::: Provided data :::
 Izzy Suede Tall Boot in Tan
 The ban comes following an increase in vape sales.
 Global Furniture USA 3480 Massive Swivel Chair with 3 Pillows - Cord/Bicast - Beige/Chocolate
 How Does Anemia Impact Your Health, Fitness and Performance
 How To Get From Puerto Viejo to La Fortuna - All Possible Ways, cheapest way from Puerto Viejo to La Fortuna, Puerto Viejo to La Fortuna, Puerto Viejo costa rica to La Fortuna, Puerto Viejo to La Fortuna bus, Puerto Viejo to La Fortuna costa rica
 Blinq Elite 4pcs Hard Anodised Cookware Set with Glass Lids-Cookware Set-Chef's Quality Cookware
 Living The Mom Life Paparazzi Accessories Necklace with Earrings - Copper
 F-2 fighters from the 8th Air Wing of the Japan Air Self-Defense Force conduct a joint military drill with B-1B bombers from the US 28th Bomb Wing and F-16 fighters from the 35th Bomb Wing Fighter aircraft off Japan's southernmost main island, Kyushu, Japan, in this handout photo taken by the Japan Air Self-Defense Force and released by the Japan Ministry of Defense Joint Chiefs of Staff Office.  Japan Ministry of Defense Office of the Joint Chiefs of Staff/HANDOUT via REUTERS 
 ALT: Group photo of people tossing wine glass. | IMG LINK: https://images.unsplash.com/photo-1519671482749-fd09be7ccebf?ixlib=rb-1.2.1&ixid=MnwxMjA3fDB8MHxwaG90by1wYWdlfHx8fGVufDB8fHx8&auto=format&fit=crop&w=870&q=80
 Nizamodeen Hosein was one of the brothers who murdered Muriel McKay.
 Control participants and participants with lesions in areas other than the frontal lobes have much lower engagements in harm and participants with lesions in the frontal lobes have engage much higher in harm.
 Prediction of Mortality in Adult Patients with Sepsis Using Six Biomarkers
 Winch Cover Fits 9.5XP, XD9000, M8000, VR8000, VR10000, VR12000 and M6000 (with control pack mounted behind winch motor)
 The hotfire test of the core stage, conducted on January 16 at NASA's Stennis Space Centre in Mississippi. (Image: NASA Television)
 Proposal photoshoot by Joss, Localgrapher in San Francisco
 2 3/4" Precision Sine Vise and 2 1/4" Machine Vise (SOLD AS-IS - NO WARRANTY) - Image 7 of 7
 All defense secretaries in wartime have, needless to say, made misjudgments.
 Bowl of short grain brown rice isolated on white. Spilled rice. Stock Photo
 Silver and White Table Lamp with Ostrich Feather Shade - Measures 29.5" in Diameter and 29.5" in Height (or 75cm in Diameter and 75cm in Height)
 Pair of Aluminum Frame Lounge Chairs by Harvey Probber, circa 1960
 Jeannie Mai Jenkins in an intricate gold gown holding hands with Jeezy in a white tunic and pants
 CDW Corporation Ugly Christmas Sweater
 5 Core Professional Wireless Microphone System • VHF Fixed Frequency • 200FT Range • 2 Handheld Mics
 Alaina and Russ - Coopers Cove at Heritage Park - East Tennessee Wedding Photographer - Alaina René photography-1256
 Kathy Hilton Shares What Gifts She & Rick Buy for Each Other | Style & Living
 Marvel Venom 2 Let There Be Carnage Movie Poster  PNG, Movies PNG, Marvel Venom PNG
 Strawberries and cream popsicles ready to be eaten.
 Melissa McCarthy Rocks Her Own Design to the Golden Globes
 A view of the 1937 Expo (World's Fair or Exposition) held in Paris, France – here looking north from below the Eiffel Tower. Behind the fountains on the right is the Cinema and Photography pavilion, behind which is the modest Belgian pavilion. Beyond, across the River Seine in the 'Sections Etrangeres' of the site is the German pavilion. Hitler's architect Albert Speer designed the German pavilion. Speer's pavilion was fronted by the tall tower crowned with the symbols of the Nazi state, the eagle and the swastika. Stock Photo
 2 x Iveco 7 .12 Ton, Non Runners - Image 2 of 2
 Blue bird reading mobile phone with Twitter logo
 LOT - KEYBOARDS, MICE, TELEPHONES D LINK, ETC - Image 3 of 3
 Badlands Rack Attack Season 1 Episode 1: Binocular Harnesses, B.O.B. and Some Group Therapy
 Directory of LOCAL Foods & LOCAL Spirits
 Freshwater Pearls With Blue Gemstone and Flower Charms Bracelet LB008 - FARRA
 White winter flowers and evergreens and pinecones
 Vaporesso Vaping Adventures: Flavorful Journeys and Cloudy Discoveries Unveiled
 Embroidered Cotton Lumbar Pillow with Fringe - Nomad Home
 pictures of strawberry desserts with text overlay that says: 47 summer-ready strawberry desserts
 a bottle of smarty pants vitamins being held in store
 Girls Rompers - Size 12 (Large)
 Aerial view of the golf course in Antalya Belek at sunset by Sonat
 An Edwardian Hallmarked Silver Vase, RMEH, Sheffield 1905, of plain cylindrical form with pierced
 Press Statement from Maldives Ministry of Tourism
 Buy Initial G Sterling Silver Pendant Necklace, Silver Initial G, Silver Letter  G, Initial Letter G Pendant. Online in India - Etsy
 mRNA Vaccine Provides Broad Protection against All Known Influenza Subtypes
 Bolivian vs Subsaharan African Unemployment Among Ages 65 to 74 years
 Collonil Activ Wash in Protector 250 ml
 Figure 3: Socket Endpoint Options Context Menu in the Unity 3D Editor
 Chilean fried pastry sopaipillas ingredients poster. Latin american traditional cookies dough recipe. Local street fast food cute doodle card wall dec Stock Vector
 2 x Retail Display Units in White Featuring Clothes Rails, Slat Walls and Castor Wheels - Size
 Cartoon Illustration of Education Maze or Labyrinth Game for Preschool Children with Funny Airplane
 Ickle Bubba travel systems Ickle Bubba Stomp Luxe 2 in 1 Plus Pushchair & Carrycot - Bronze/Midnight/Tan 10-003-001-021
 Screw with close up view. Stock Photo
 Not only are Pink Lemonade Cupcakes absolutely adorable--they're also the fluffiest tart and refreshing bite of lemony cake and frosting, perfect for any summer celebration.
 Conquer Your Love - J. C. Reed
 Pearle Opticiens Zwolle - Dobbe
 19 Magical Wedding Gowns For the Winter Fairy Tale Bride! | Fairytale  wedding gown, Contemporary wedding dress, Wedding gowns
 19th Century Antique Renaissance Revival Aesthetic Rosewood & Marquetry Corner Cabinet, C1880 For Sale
:::
▶ Task instructions
Gather every line from the entries above where the word "LINK" appears, and copy them.

▶ Written solution
 ALT: Group photo of people tossing wine glass. | IMG LINK: https://images.unsplash.com/photo-1519671482749-fd09be7ccebf?ixlib=rb-1.2.1&ixid=MnwxMjA3fDB8MHxwaG90by1wYWdlfHx8fGVufDB8fHx8&auto=format&fit=crop&w=870&q=80
 LOT - KEYBOARDS, MICE, TELEPHONES D LINK, ETC - Image 3 of 3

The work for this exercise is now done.